If you get #2, then for the most part you get #3 and #4 automatically. How does one “break” a hash algorithm? Let’s take a look a a few from the .NET Framework for an interesting exercise in reverse engineering. As a background, every object in the .NET Framework supports a method called “GetHashCode()”. It does a good job of returning a small random(ish) identifier for an object, so it is used primarily for putting objects into hash tables. This method returns a 32-bit integer, and is **not** designed for security purposes:

```
public virtual int GetHashCode()
```

The HashAlgorithm class **is** designed for security purposes, however, and should be used when security is a concern.

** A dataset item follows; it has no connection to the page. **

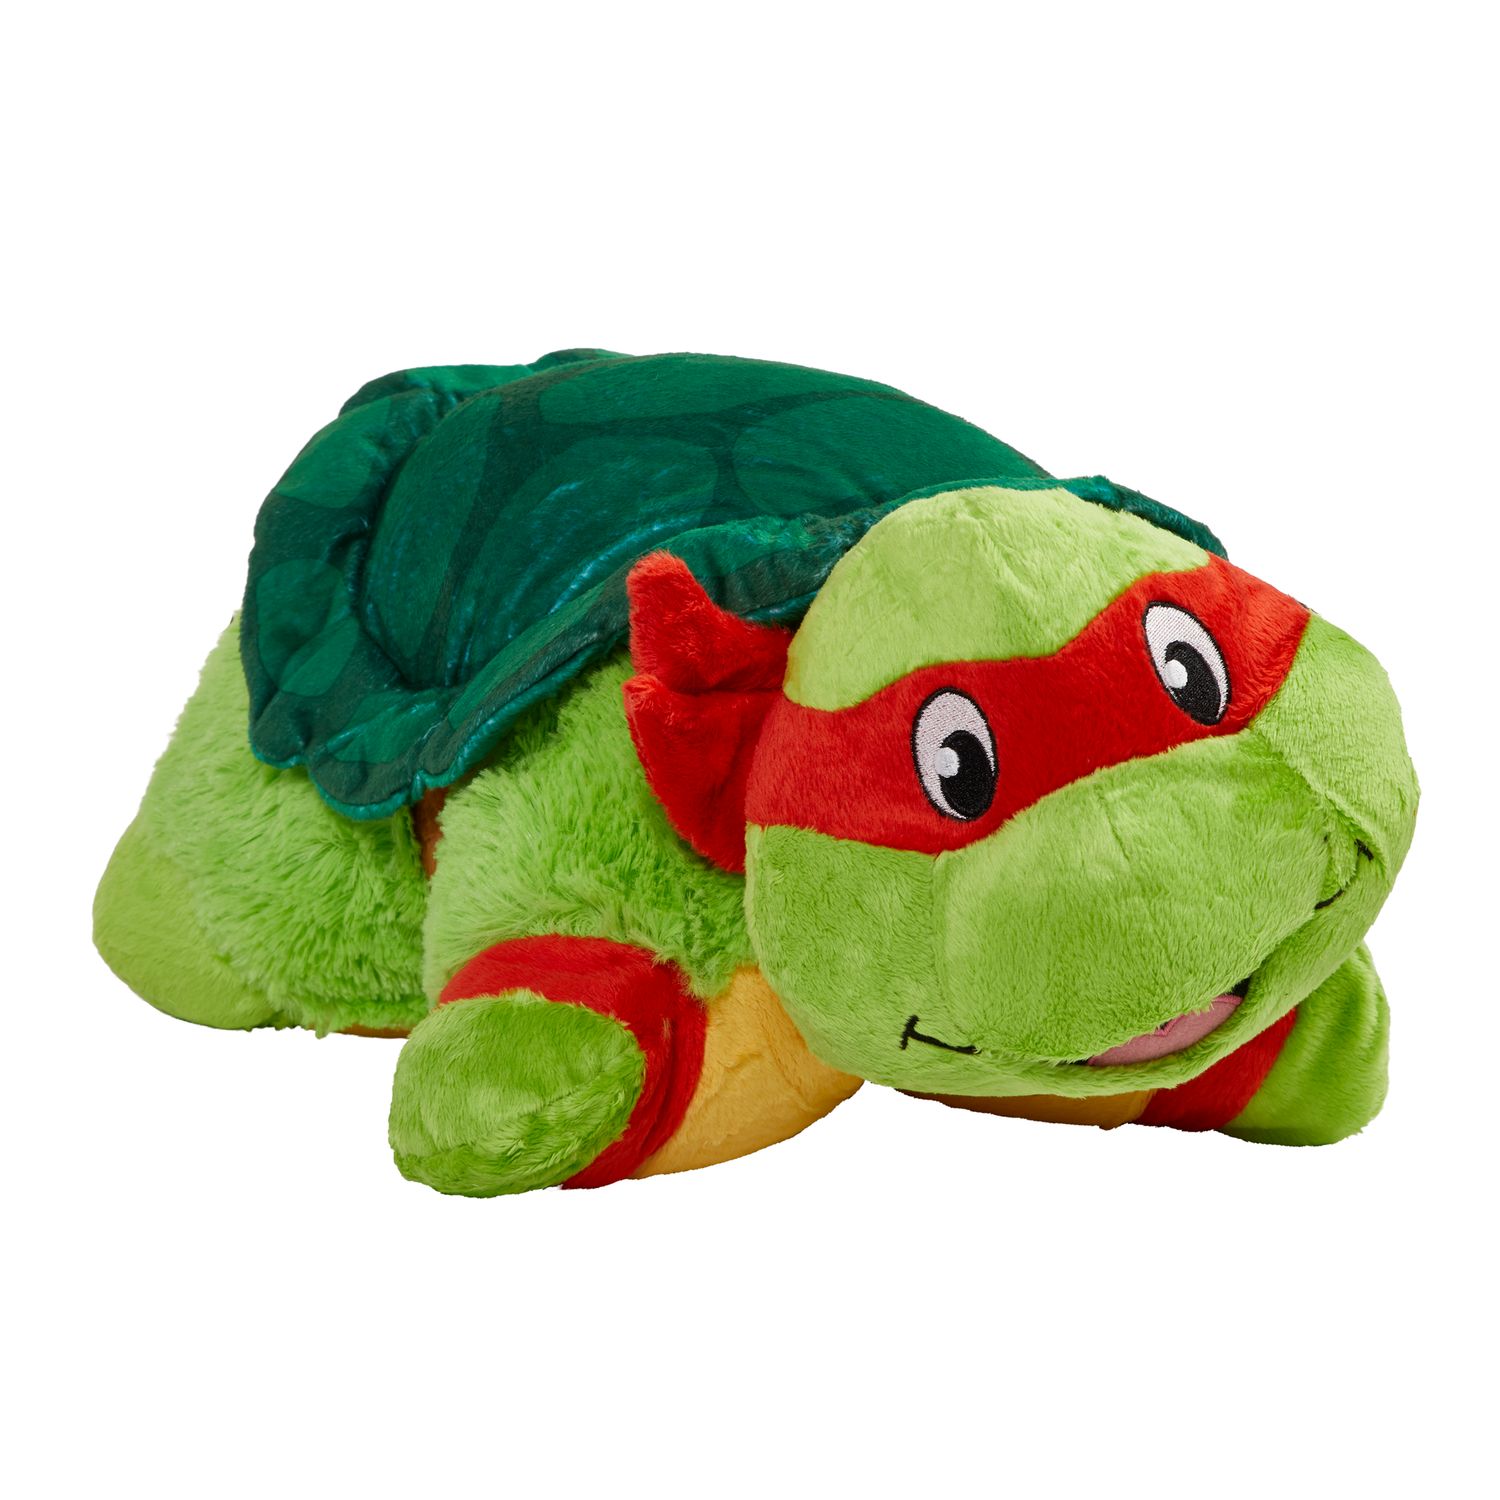 ninja turtle stuffed animal

We won’t use that class as an example, because if I can break that class in this blog, then it wouldn’t be in the .NET Framework!

## Breaking Int32

Let’s see how this works on integers, and see how it would fare as a cryptographic hash algorithm:

`PS > (1).GetHashCode() 1 PS > (2).GetHashCode() 2 PS > (1337).GetHashCode() 1337 PS > (-1337).GetHashCode() -1337`

I think we see a pattern :) It looks like .NET is returning our input right back at us. It’s a sure way to prevent collisions, that’s for sure! If we open Int32.GetHashCode() in .NET Reflector (or ILSpy), we can see why:

```
public override int GetHashCode()
{
return this;
}
```

The score sheet?

- ✅ it is easy to compute the hash value for any given message
- ❌ it is infeasible to generate a message that has a given hash
- ✅ it is infeasible to modify a message without changing the hash
- ✅ it is infeasible to find two different messages with the same hash

Not bad, but you can’t do much with just integers.

## Breaking Int64

That wasn’t too challenging to break. What about Int64? That doesn’t fit in 32 bits by definition, so let’s see if there is any pattern:

```
PS > ([Int64] 1).GetHashCode()
1
PS > ([Int64] 1337).GetHashCode()
1337
PS > ([Int64] 12345678987654321).GetHashCode()
1656367333
```

For “low” numbers (below 32 bits?) it seems to be the same as the input number. After that, not quite sure. We can’t break this one by intuition. Let’s see the source:

```
public override int GetHashCode()
{
return (int)this ^ (int)(this >> 32);
}
```

What the .NET Framework is doing here is pretty simple:

(

int)thisTakes the lower 32-bits of the 64-bit number.

(

int)(this>>32)Shifts the number to the right by 32 places, and then takes the lower 32 bits of the number. That is the same thing as taking the upper 32 bits of the number.

(

int)this^(int)(this>>32)Uses the binary XOR operator to combine the upper 32 bits and the lower 32 bits.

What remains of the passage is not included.